Conference focuses on Latino health

by Sara McGahan | 2/21/16 7:08pm

The Geisel School of Medicine chapter of the Latino Medical Students Association recently celebrated one year of existence. Coinciding with their one-year anniversary, the group hosted the LMSA Northeast Regional Conference this weekend.

The conference, which is held every year at various institutions around the northeastern United States, attracted over 250 people to DHMC this Saturday, conference coordinator and LMSA member Claire Hogue Med’18 said.

Adrianna Stanley Med’18 and Fernando Vazquez Med’18 — the two founders of Geisel’s LMSA’s chapter — attended last year’s LMSA northeast regional conference at Johns’ Hopkins University. They decided to do so to figure out how to make their new chapter flourish and run effectively, Stanley said. While they were there, they placed a bid to host the conference this year.

“I think the reason we ended up winning was because we were such a new chapter,” Stanley said. “We wanted to expand the LMSA further north.”

Geisel is the only rural medical school in the LMSA northeast region, and Stanley and Vazquez highlighted the unique programs they could hold when bidding to get the conference in Hanover, Stanley said.

Each year, the conference’s theme — which is chosen by the LMSA northeast executive board — changes. This year, the theme of the conference is “Fortaleciendo Raíces: Uniting Efforts in the Changing Face of Healthcare.”

“Fortaleciendo Raíces,” which means strengthening roots, is particularly appropriate for this year’s conference, as the conference this year brought together and strengthened the Latino community, Stanley said.

High school students, pre-medical college students, medical students, graduate students, physicians and others interested in addressing health disparities in the Latino community were invited to attend the event. Workshops that targeted many of these participants occurred at the conference, with topics such as learning how to ace the medical school admissions process to learning about medical imaging with individuals from Dartmouth-Hitchcock Medical Center’s radiology department.

Sergio Davila, a Harvard University doctorate, student who led a workshop about Latinos in biomedical research, said that he was excited that high school and college students on the pre-medical track were eager to think about their career in medicine and interested in enhancing their education.
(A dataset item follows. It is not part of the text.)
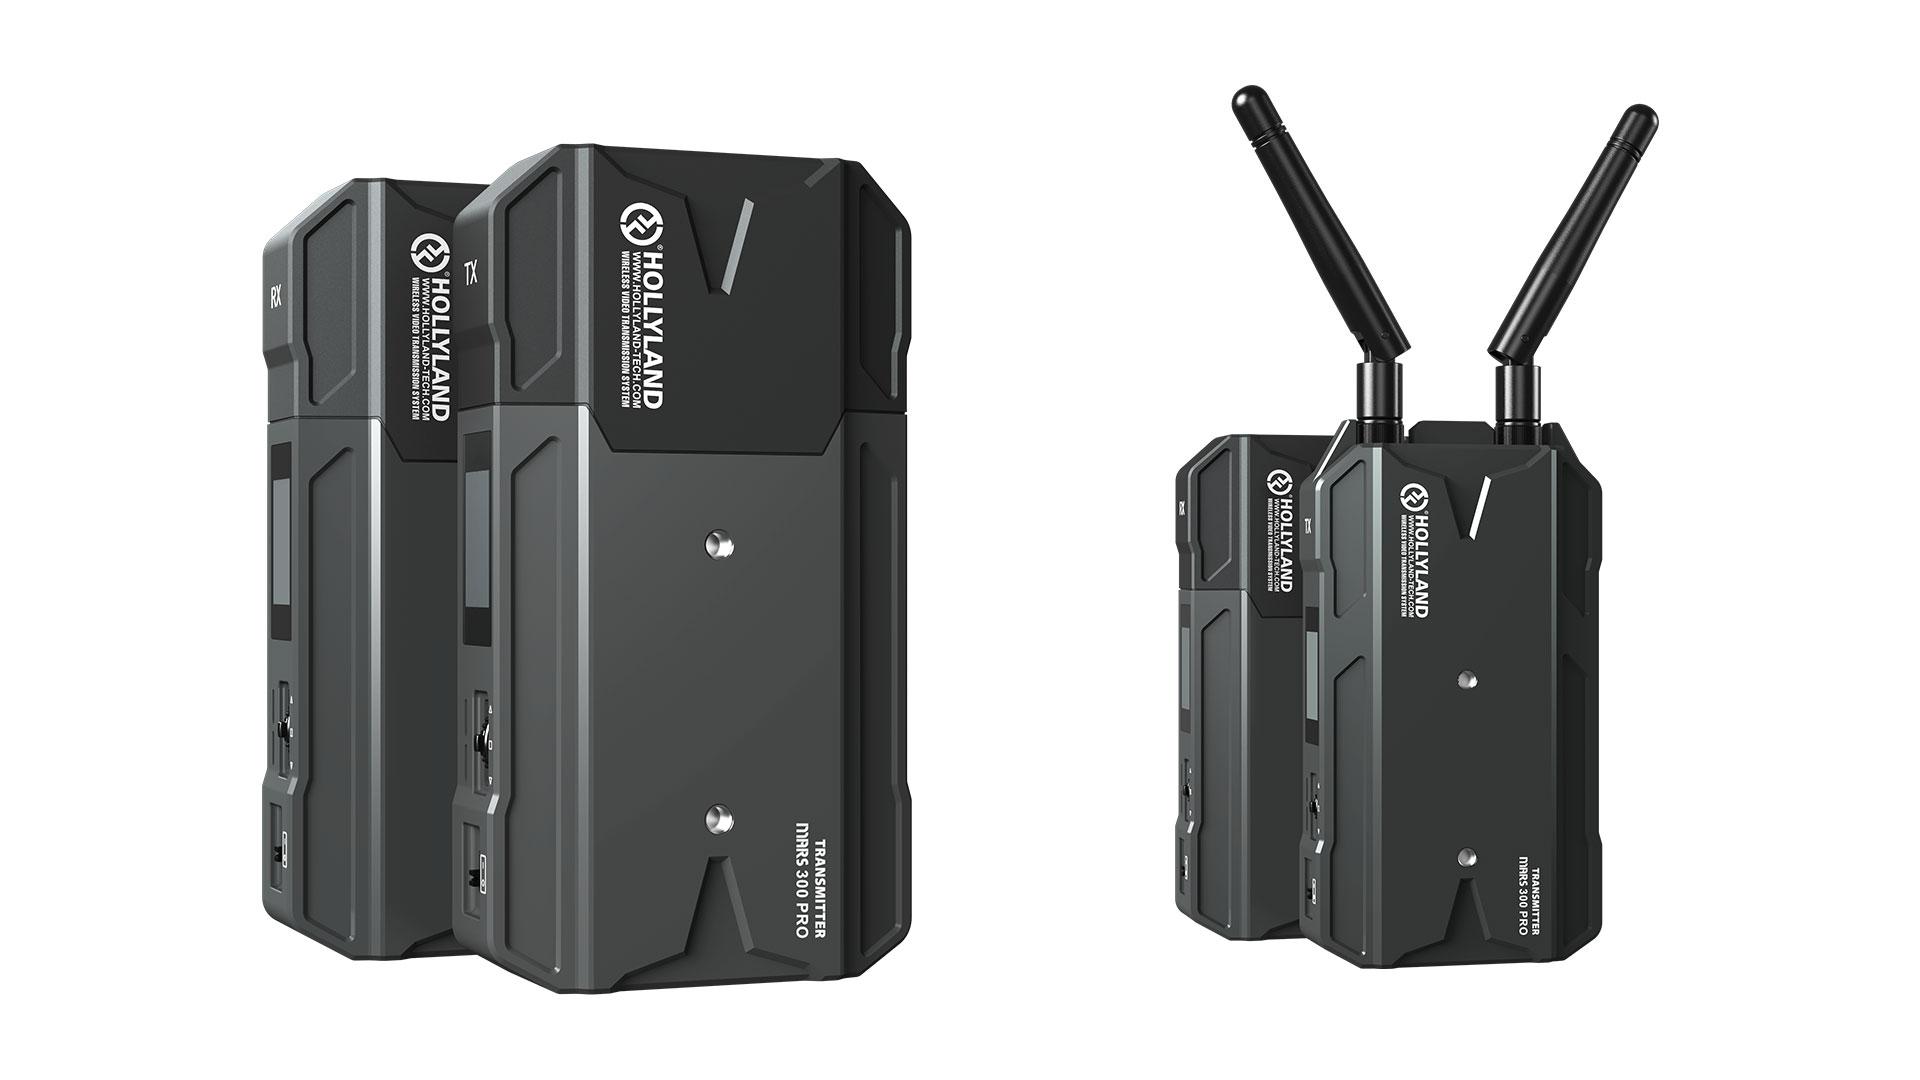 HollylandがMARS 300 PROワイヤレスビデオトランスミッターを発表

Davila, who saw the modern impact of medicine firsthand after his grandmother was diagnosed with cancer and survived, tried to think about the uncertainties and questions he had as an undergraduate when he responded to the questions from younger students in his workshop.

While the workshops aimed to equip students with skills and resources, the panels aimed to educate the greater community about Latino health in general, Stanley said.
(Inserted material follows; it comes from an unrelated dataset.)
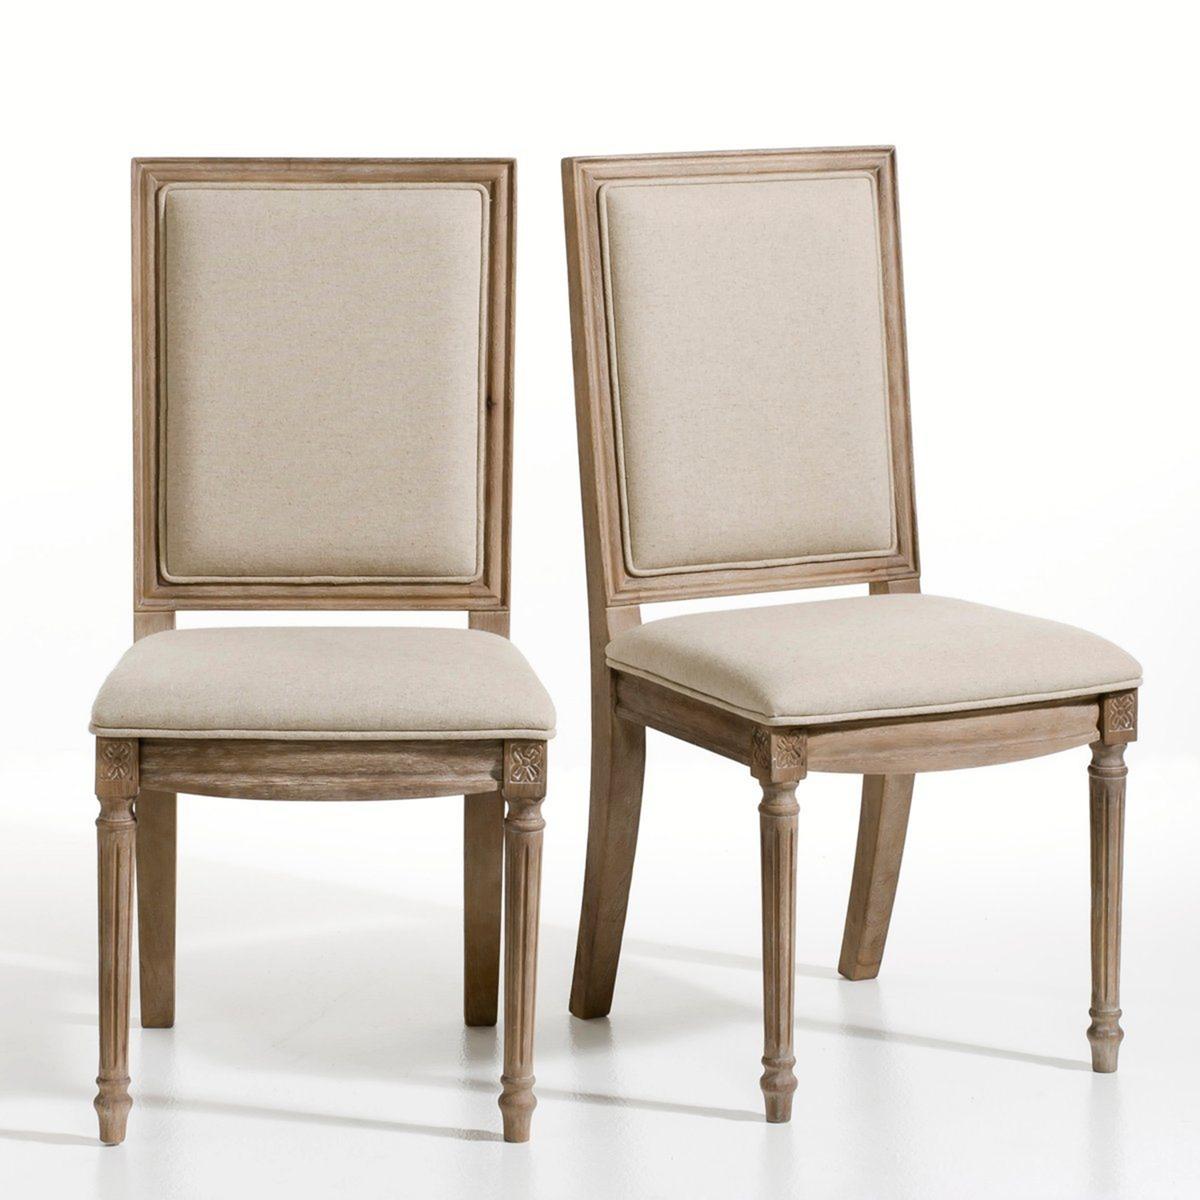 Комплект из стульев в La Redoute Стиле Людовика XVI Nottingham единый размер каштановый sleaford mods nottingham

Two keynote speakers addressed the conference: Kenneth Dominguez, a medical epidemiologist working at the Center for Disease Control, and Chidi Achebe Med’96, the CEO and chairman of African Integrated Development Enterprise.

In addition, there was a session on the Dartmouth Geisel Migrant Health project, which is an organization that aims to provide medical care to migrant workers at no cost.

Stanley said that she thinks few people know about the significant Latino migrant dairy farm worker population living in the Upper Valley. This session was “eye-opening” to many members of the conference, Stanley said, as it focused on the often-unnoticed Latino population permanently living here.

Although they are a new student organization, Hogue — whose role as conference coordinator was to make sure everything ran smoothly on Saturday — said that the Geisel administration and other medical students were very supportive as they put together the conference. Fifty volunteers from Geisel helped the day of the event, she added.

LMSA chapter member Aurora Robledo Med’18 said her favorite part of the conference was seeing so many people interested in learning about Latino health and celebrating Latino culture.

Vazquez added that he got the sense that people did not realize how large the conference was going to be, but the large turnout allowed the Dartmouth community to see how far the organization has come in just one year.

Stanley said that she wanted to found the LMSA chapter at Geisel after recognizing the lack of a cohesive Latino community amongst the student body at Geisel. Most medical schools have an LMSA chapter, which provides the community and the space for discussing distinct Latino experiences, Stanley said.

When she decided to come to Geisel, Stanely said to herself, “OK, Dartmouth is the fourth oldest medical school in country, and there’s no LMSA chapter. This is a huge problem and we need to change that.”

Vazquez echoed this sentiment, saying that he personally wanted to start an LMSA chapter at the College to help recruit more Latino students to Geisel.

“I have actually met numerous students throughout New England and the East Coast who were accepted to Geisel, but chose not to come because they felt like Dartmouth as an institution had nothing to offer them as Latinos,” Vazquez said.

Vazquez added that he also wanted to more adequately prepare his fellow Geisel medical students to care for their Latino peers slated to increase in number in the upcoming years through the founding of LMSA.

When Stanley approached Robledo and told her about starting an LMSA chapter at the College, Robledo said she was excited to join. While there was a group of students interested in celebrating Latino culture and conscious of the health issues faced by Latino, there was not a concrete organization that got these students to congregate.

“It’s given us a good opportunity to meet together, to have fiestas every so often and to throw this conference,” Robledo said.